I need to prove that around the origin, there exist $A,B>0$ that satisfy: $$A||x-y|| \le ||f(x)-f(y)|| \le B||x-y||$$
I tried to maybe somehow use the Implicit Function Theorem, but no luck yet.
If someone could give me a hint or some direction, it will be very appreciated.

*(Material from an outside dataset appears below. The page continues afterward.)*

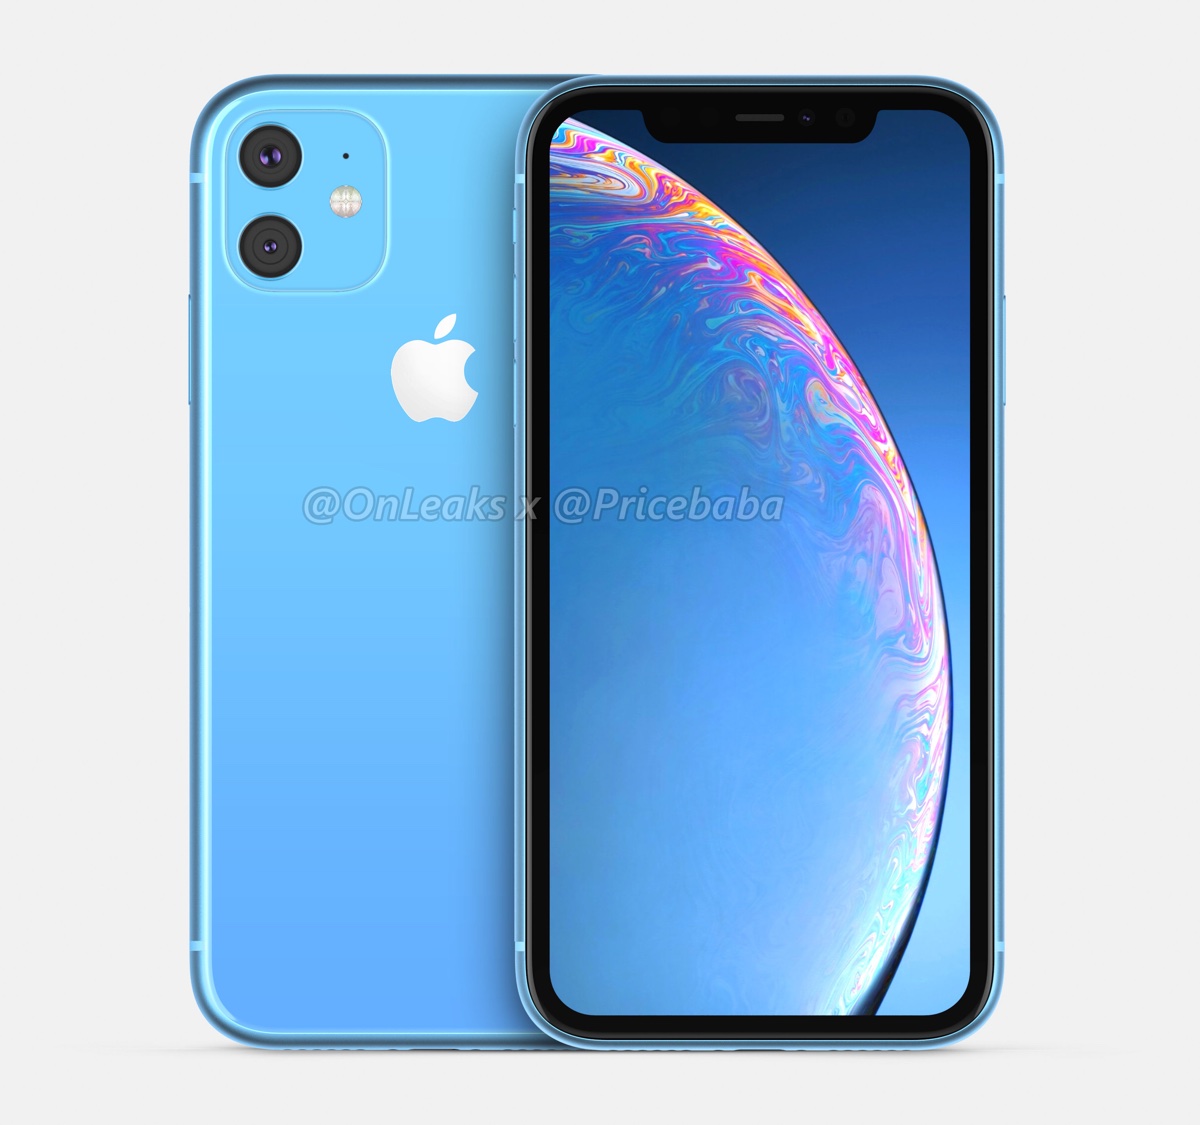 iPhone XR 2019 per la prima volta i render mostrano la doppia fotocamera

By the Inverse Function Theorem, there exists two open sets $U$ and $V$ such that $0\in U$, $f(U)=V$ and the restriction $f:U \to V$ is a diffeomorphism. Let $\varepsilon$ be a positive real number such that the closed ball $\overline{B_\varepsilon(0)}$ is included in $U$. Recall that the norm of $||\cdot||$ of $\mathbb{R}^n$ induces a norm on the vector space $\mathbb{R}^{n\times n}$ of real matrices of size $n\times n$ defined by $$ ||A||=\sup\{||Ax||:||x||=1\}, $$ for every $A$ in $\mathbb{R}^{n\times n}$. The main property of this induced norm is the inequality $||Ax||\leq ||A||.||x||$, which holds for every matrix $A$ and every vector $x$. Now, the functions $\Phi:\xi\in\overline{B_\varepsilon(0)}\mapsto Df(\xi)\in \mathbb{R}^{n\times n}$ and $\Psi:\xi\in \overline{B_\varepsilon(0)}\mapsto Df^{-1}(f(\xi))\in \mathbb{R}^{n\times n}$ are continuous and they are defined on a compact space. So there exists positive real numbers $A$ and $C$ such that $$ ||\Phi(\xi)||=||Df(\xi)||\leq A \quad\text{ and }\quad ||\Psi(\xi)||=||Df^{-1}(f(\xi))||\leq C, $$ for every $\xi$ in $\overline{B_\varepsilon(0)}$. Now, let $x$ and $y$ be different points in $B_\varepsilon(0)$. By the Mean Value Theorem for Several Variables (if you do not know this version let me know and I will add the details), there exists $\xi$ in the segment between $x$ and $y$ such that $$ f(x)-f(y)=Df(\xi).(x-y) $$ And we know that $$ ||Df(\xi).(x-y)||\leq ||Df(\xi)||.||x-y||\leq A||x-y|| $$ and $$ ||x-y||=||Df^{-1}(f(\xi)).Df(\xi).(x-y)||\leq ||Df^{-1}(f(\xi))||.||Df(\xi).(x-y)||\leq C||Df(\xi).(x-y)||, $$ so $\frac{1}{C}||x-y||\leq ||Df(\xi).(x-y)||$. If we set $B=\frac{1}{C}$, it follows that $$ B||x-y||\leq ||f(x)-f(y)|| \leq A||x-y||, $$ for every $x$ and $y$ in $B_\epsilon(0)$.
Note that we only need $Df(0)$ to be invertible.